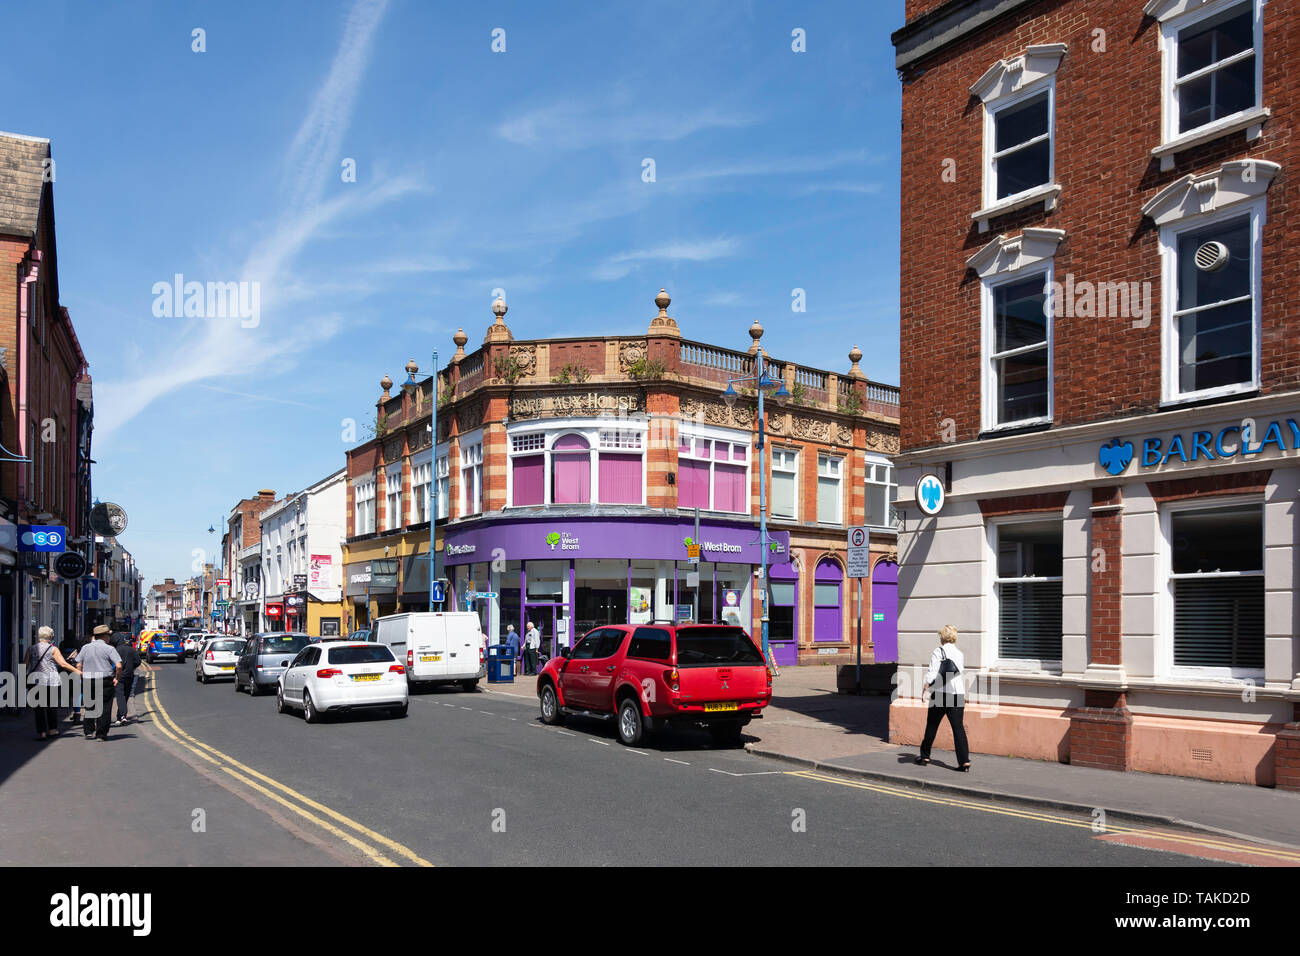 Stourbridge High Street, Stourbridge, West Midlands, England, United Kingdom Stock Photo
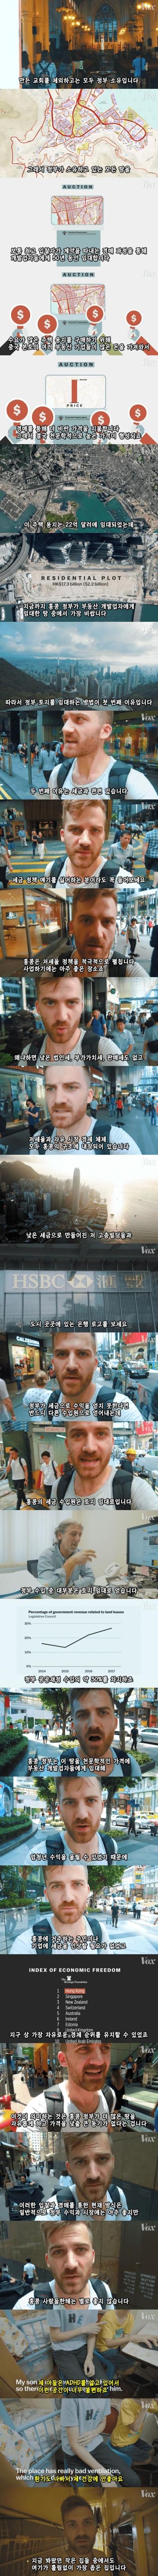 Internet_20240417_141428_3.jpeg 극악한 홍콩의 집값
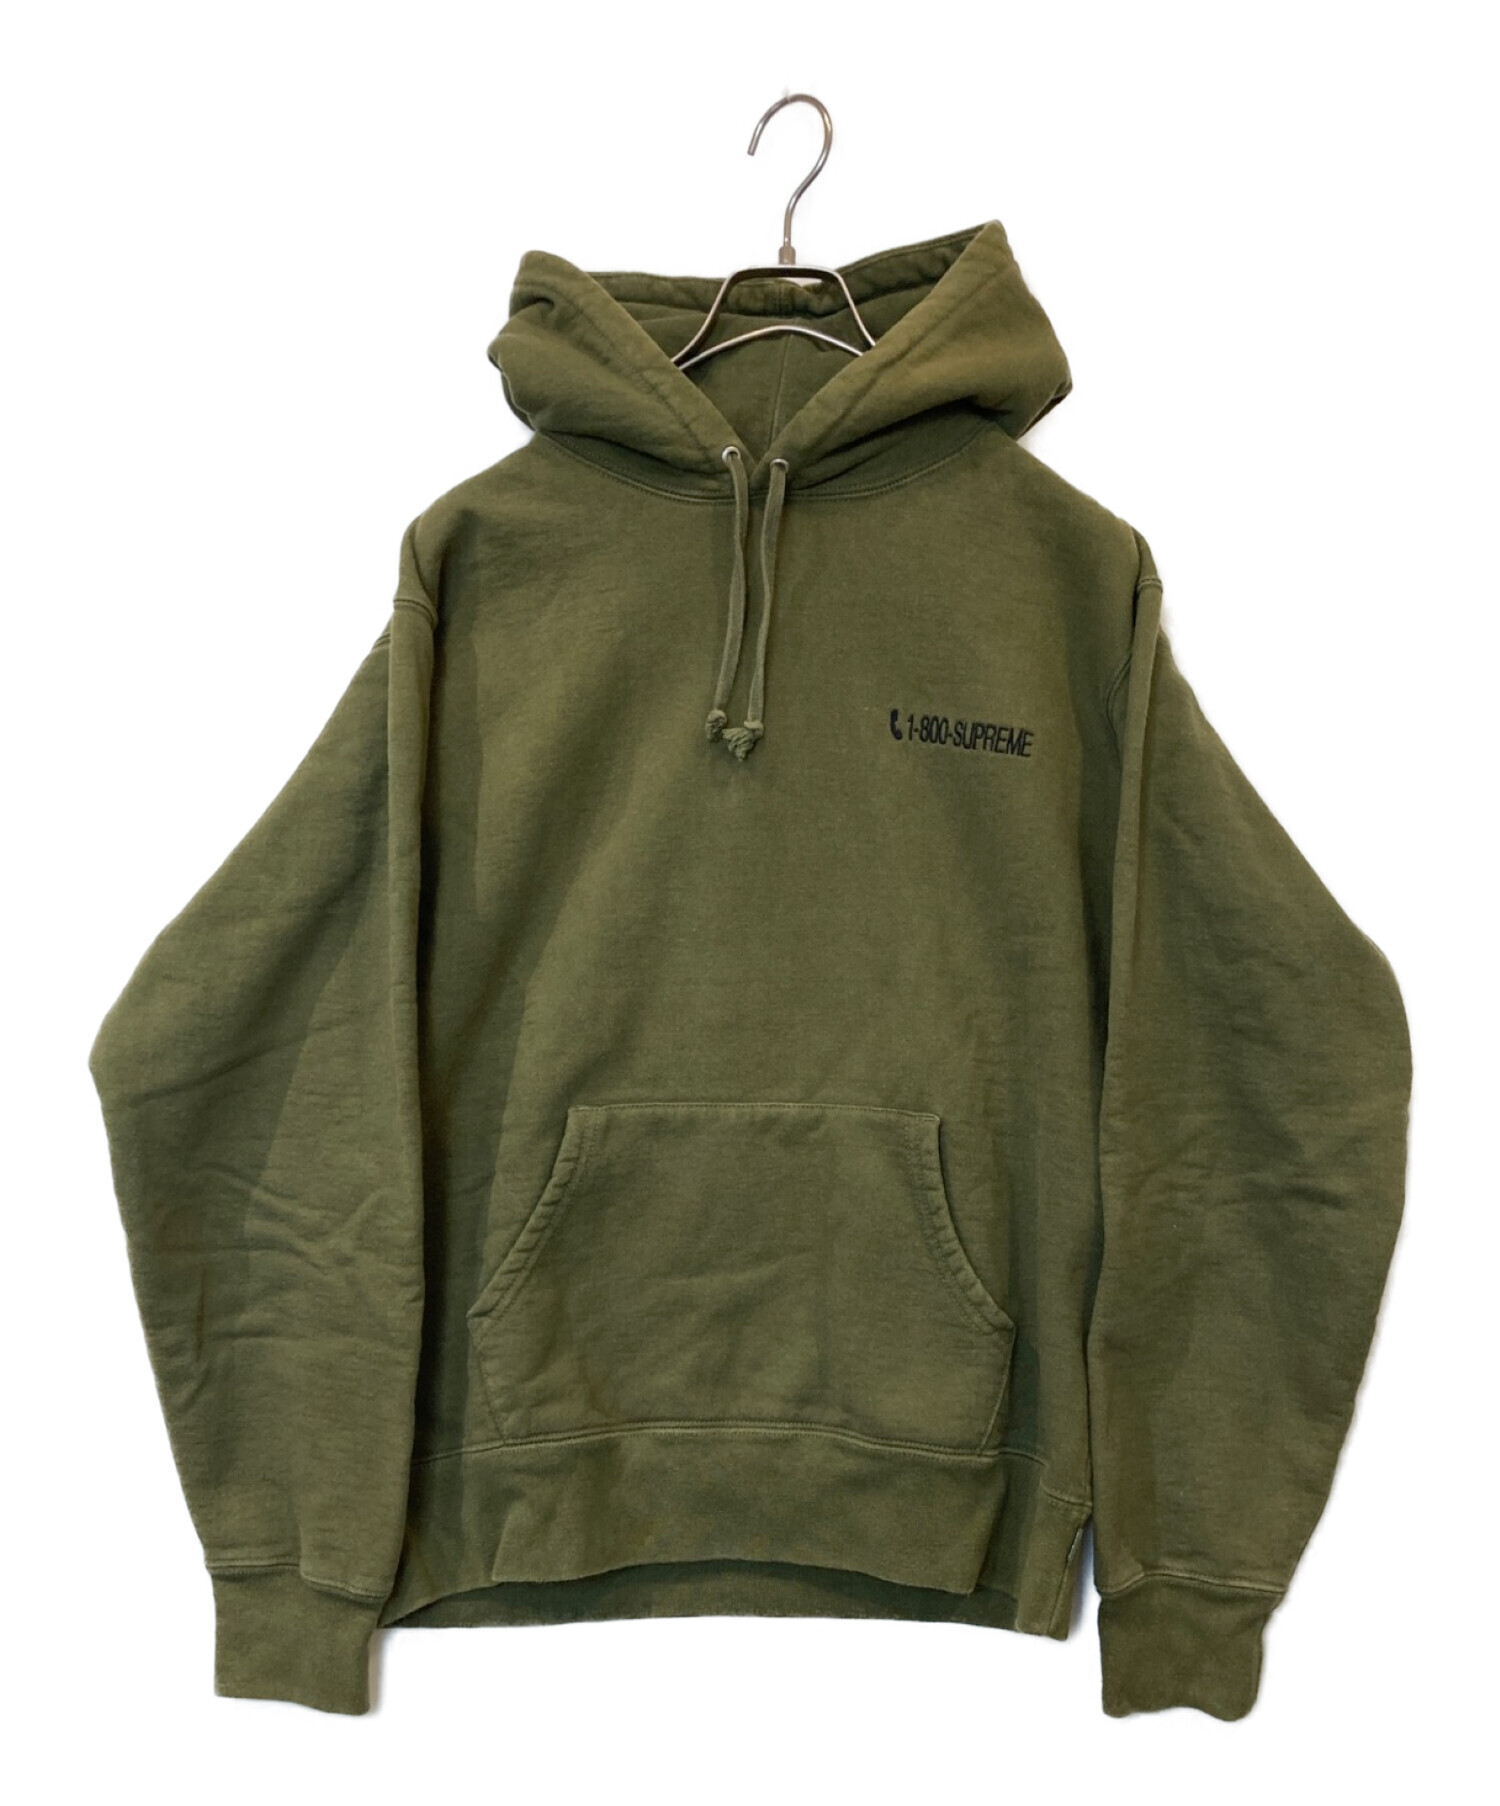 Supreme 1 - 800 Hooded Sweatshirt
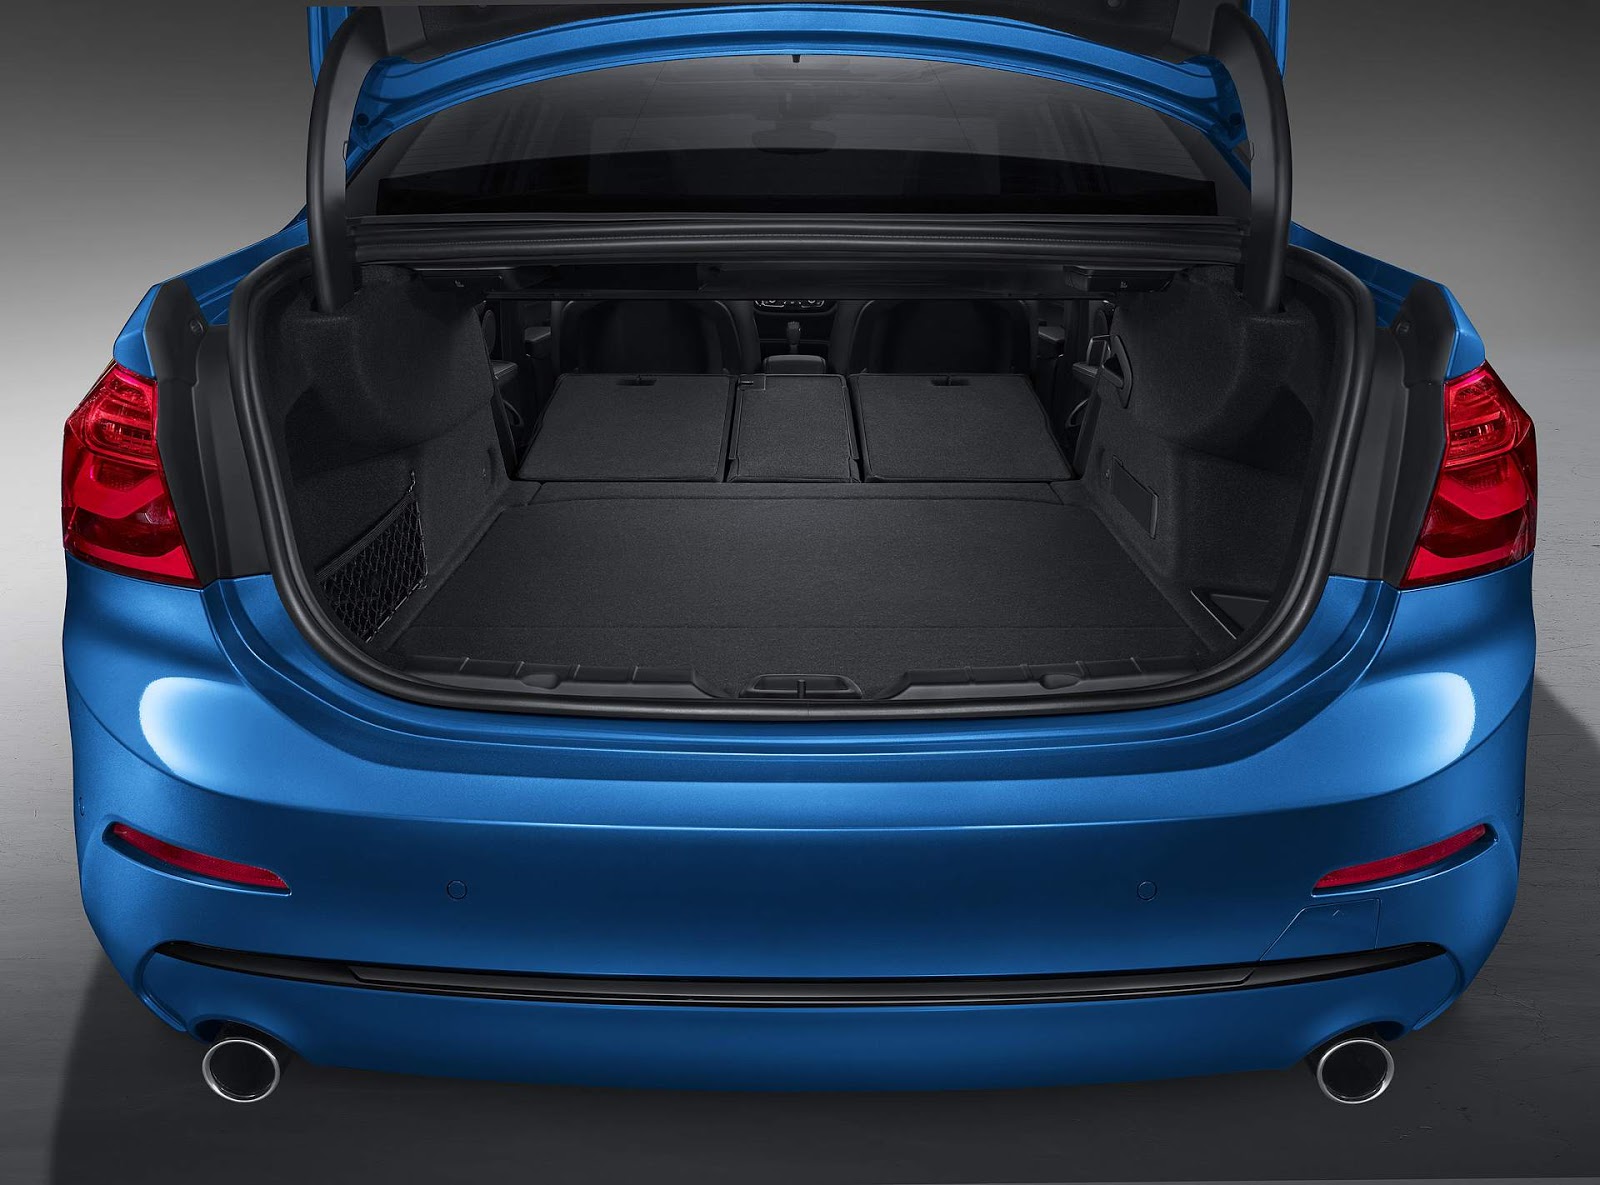 Porta-malas do BMW Série 1 Sedan tem capacidade para 425 litros, igual à do A3

= = = = = = =

- [Exercise]: Leave out the pictures, and retype exactly the lines from the one containing "Internet_20240417_141428_3.jpeg 극악한 홍콩의 집값" through the last line of the data above, no more and no less.

- [Response to the task]:
 Internet_20240417_141428_3.jpeg 극악한 홍콩의 집값
 Supreme 1 - 800 Hooded Sweatshirt
 Porta-malas do BMW Série 1 Sedan tem capacidade para 425 litros, igual à do A3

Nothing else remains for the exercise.